There is some light in the day, in fact, much light in the lesson. A year ago, I would have been sick with anxiety and worry about the unexpected change in income. Even if we don’t need it to pay our mortgage, or feed our family, I still would have lamented the downshift in income. Surely, I would have called Mama tearful, because I cry like its a sport. And E and my phone lunch date, it would have been the first cryfest of 2016. (I love a good cry.)

Not today. This morning I laughed at my own fool self, released what I could of the noose, and spent all of my free time re-reading Philippians, praying, and learning about humility. I went back into my planner, erased those days I penciled in WORK, those Fridays I scribbled PAY DAY, and adjusted them. I wrote out a verse to commit to memory, and I took detailed notes on Humility.

E and I lunch dated as usually, talking about all the things and none of the things with our thirty minutes. He shrugged the income shift off, assured me with a smirk I could hear through my earbuds, that he isn't concerned. 

"Now you'll have more time," he said.

"But what about the loss in income?"

"My budget isn't affected, and if it is, I'll figure it out; I always do."

I don’t know how we’ll get to the large number we agreed to pray for. I don’t know at all. I do know that God does. I know that he has plans for us, and though he has a funny way of showing me he is listening to me, I know that he is. He may well decide that number isn’t for us, and that is okay, too. But, I do know that he has made good on my prayer asking him to guide me, lead me. I’ve been praying for his no, as well as his yes. Praying that whatever path he has set for me, for us, that he’d give me no choice but to follow. That he’d make clear how I’m to spend my time.

So this afternoon, I’m gratefully sharing my notes, my lessons, and some special verses on humility. I am peacefully laughing at what is, and gratefully, in full humility, being obedient, patient, and attentive to God’s will.

Humility

What: A personal quality of dependence on God and respect for others.

How: God-given virtue of holiness; unnatural human instinct, which is to be self-preserving, and selfish.

Who: Jesus was the perfect model of humility

  • Became human despite holiness

  • Was without sin

  • Humble Savior, served others

  • Humbled himself to God’s will

Why: Jesus urged us to become humble, to serve others and become less self-centered. God praises, honors humility.
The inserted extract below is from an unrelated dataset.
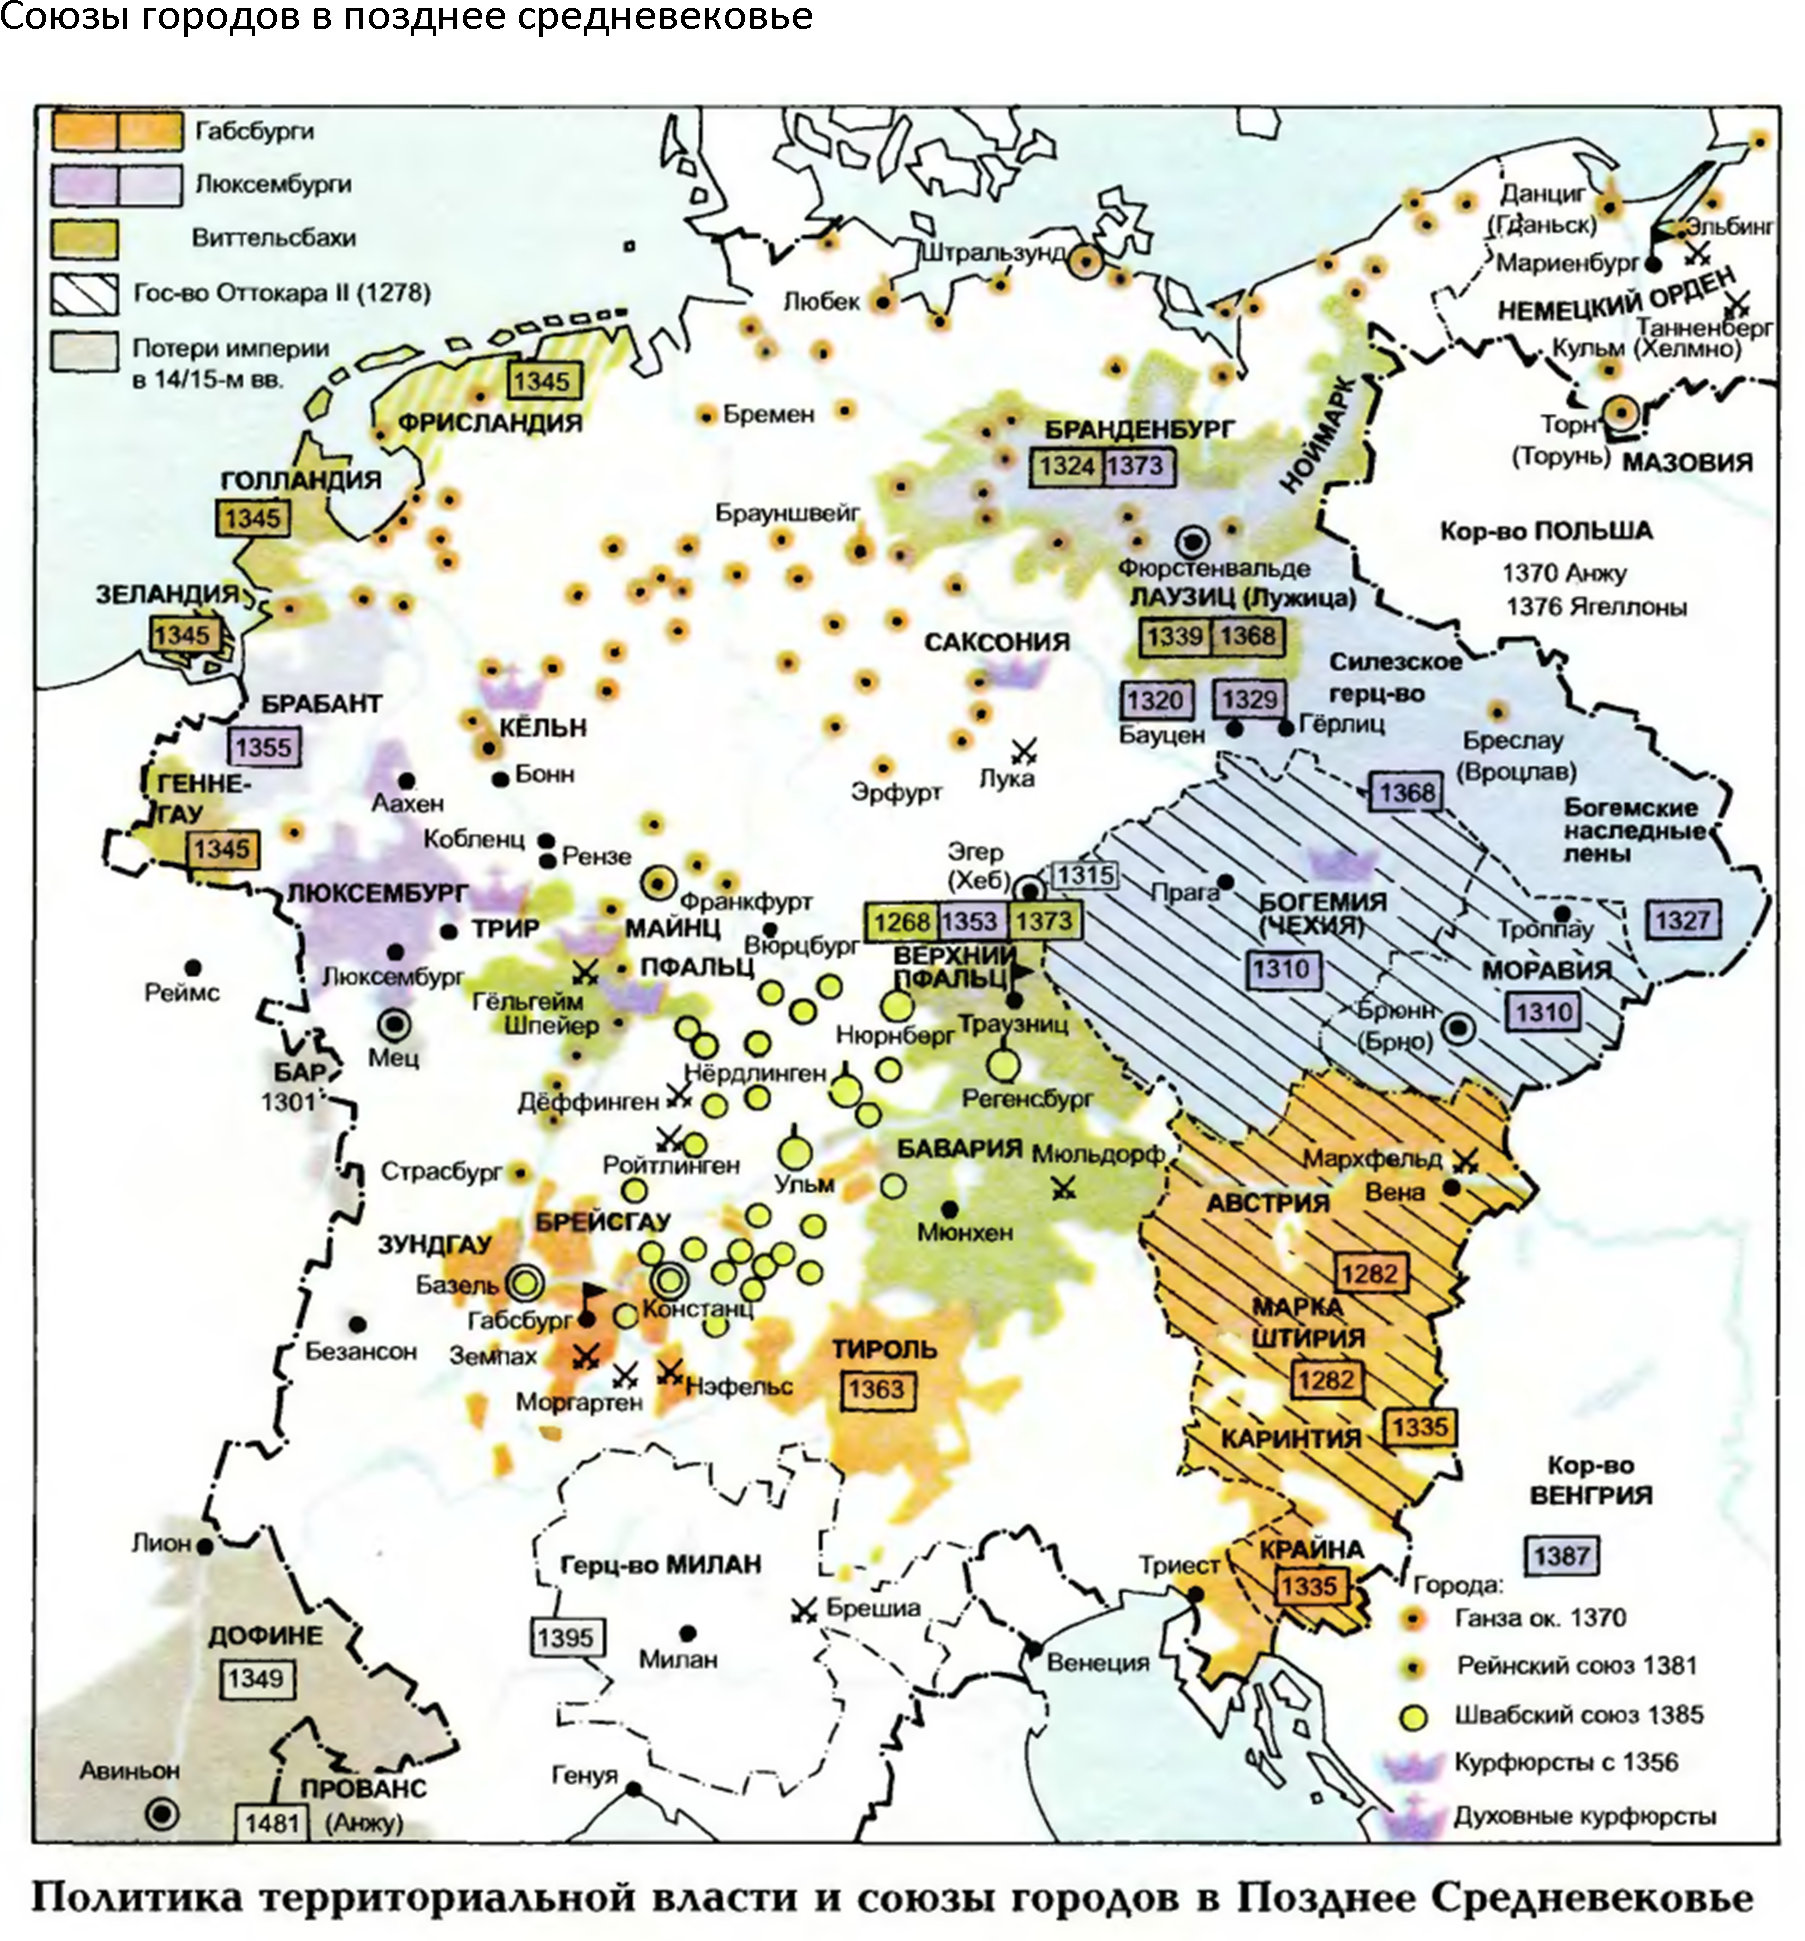 Союзы городов в позднее средневековье
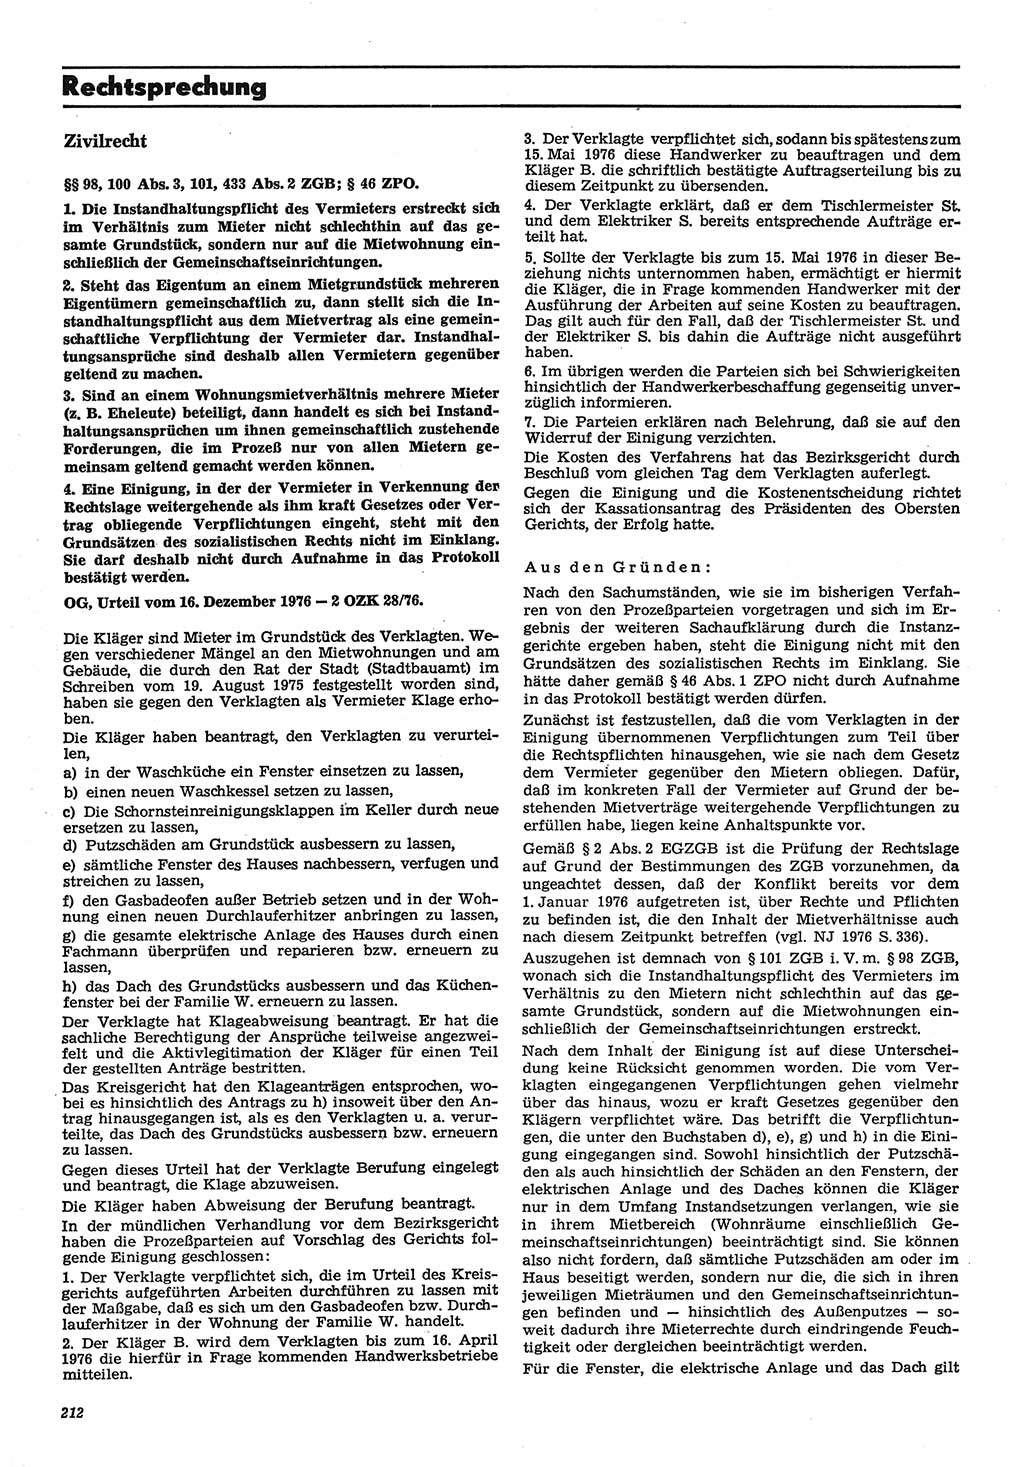 Neue Justiz (NJ), Zeitschrift für Recht und Rechtswissenschaft-Zeitschrift, sozialistisches Recht und Gesetzlichkeit, 31. Jahrgang 1977, Seite 212 (NJ DDR 1977, S. 212)

Key take away: Humility is God given, and cultivated. It doesn’t come natural to any of us, but it is well worth our desire and aim. When we are blessed with humility, we react with praise, and in that praise God is exalted.

My Personal Memory Verse for January:

Rejoice in the Lord always…Rejoice! Let your gentleness be evident to all. The Lord is near. Do not be anxious about anything, but in every situation, by prayer and petition, with thanksgiving, present your requests to God. And the peace of God, which transcends all understanding, will guard your hearts and minds in Christ Jesus…Whatever is true, whatever is noble, whatever is right, whatever is pure, whatever is lovely, whatever is admirable—if anything is excellent or praiseworthy—think about such things…And the God of peace will be with you.
— Philippians 4:4-7, 8, 9

There is so much more to dig into. I read Philippians a few months back in my read through of the Bible, but was reminded of this verse in last week’s service. Our church is focusing on prayer for 2016, and Pastor Daniel opened up our church wide focus with a sermon entitled, Take Heart and Pray. We focused on Philippians 4:4-9 and Psalm 27 (which we’ll focus on for the rest of the month).

My heart is ripe for this topic, and I am deeply grateful in how I’ve already begun to understand prayer deeper, along with being shown my own pride. I’ll surely be praying for more humility. 

Wishing you a blessed 2016. May your heart be humble, faithful, and full of joy. And always, all my best wishes for you and yours!